PHOTO Fatima Guariota
Instagram: @cacaodiaz
THE COCONUT CAME FROM FAR AWAY—POETIC IMPROV SESSION. Quinny Martínez Hernández (voice), Andy ¡OH! and Diana de La Torre (chorus and percussion)
This specific staging for the CA2M Museum’s Picnic 2024 originated onstage. Carried by drums, it invokes the sacred that engenders a fruit—the symbol of resistance—which attracts the idealisation and assumptions about the Caribbean and other regions just by being named. Its majesty the coconut: it is grated, shredded, chopped, cooked, sweetened, chewed, mashed, aged and spoiled. The coconut lights the flame of the bonfires that cook fears and is drunk to refresh the singing.
Quinny Martínez Hernández. (San Andrés Islas, Colombia, 1979). She lives in Barcelona and is a poet, improviser, creator and coordinator of the publishing project Plataforma Cero, the decolonial writing workshop Hologramas and La FILMIG (Travelling Migrant Book Fair).
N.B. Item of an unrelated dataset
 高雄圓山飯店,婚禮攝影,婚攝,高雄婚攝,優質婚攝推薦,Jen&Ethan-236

She is the author of the poetry collections Umami, un corazón erotizado (Diversidad Literaria 2020), Las prostitutas de mi imaginario (El Ojo de Poe 2022) and Salero de Entrepierna (Ultramarina 2024). She is a steadfast believer in the transformative power of art and its different manifestations in order to find a place of expression with a non-negotiable seal of identity.
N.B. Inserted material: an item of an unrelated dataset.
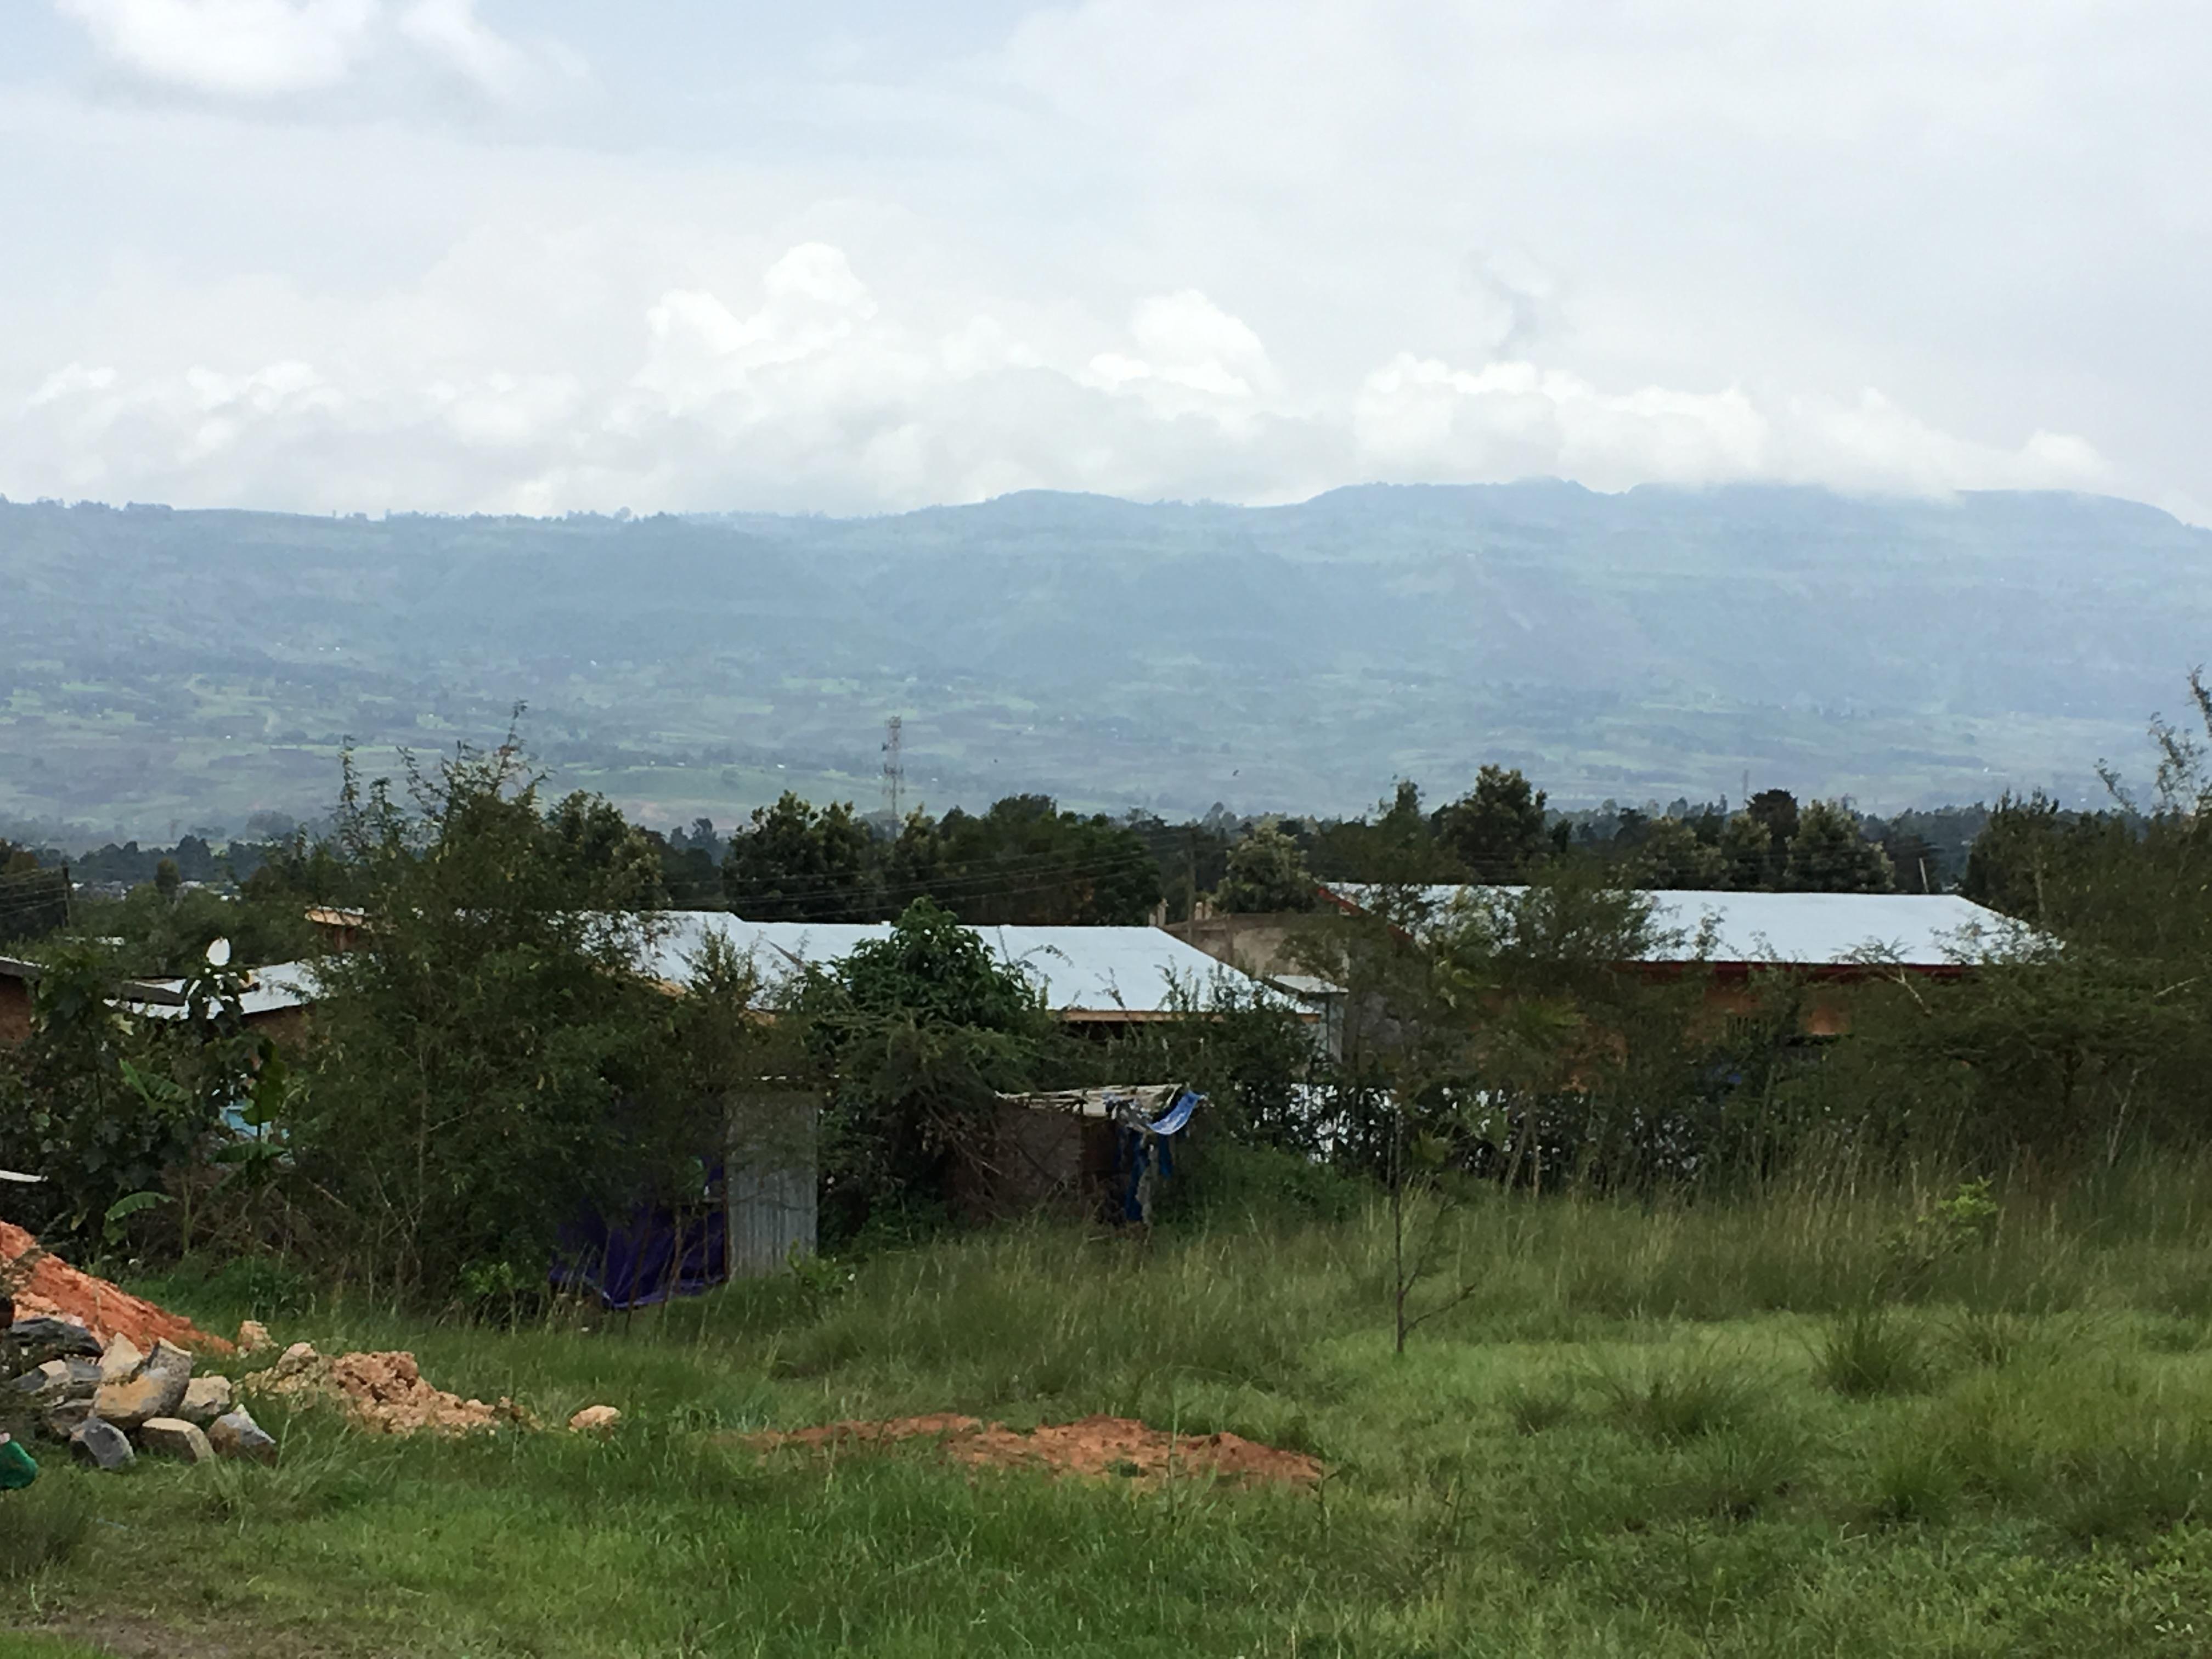 Ethiopia Mission's Trip

Andy ¡OH! (Barranquilla, Colombia, 1983). She lives in Barcelona and is a percussionist, singer and composer. Her work is inspired by the traditional music of Colombia’s Caribbean region, while also being influenced by reggae, dancehall and R&B. Between 2014 and 2022, she was the vocalist and composer of Fondo Natural, a music project in which house and cumbia fostered encounters as a political exercise in resistance. She is currently participating in different projects which keep her connected with her roots in her Caribbean birthplace in order to explore the global vision of music and entertainment.
Diana de La Torre (Barranquilla, Colombia, 1984). She lives in Barcelona and is a percussionist, singer and composer. She believes that her best teacher has been the Caribbean through its cultural diversity and musicality. With a 25-year career sharing her voice and percussion, primarily through the power of cumbia, she has had the chance to accompany and learn from important singer-songwriters in the genre like Petrona Martínez and Ceferina Banquez (Qepd) and from artists like Orito Cantora. She is convinced that the music of our ancestors is a spiritual language that connects us with nature and the feelings in our hearts.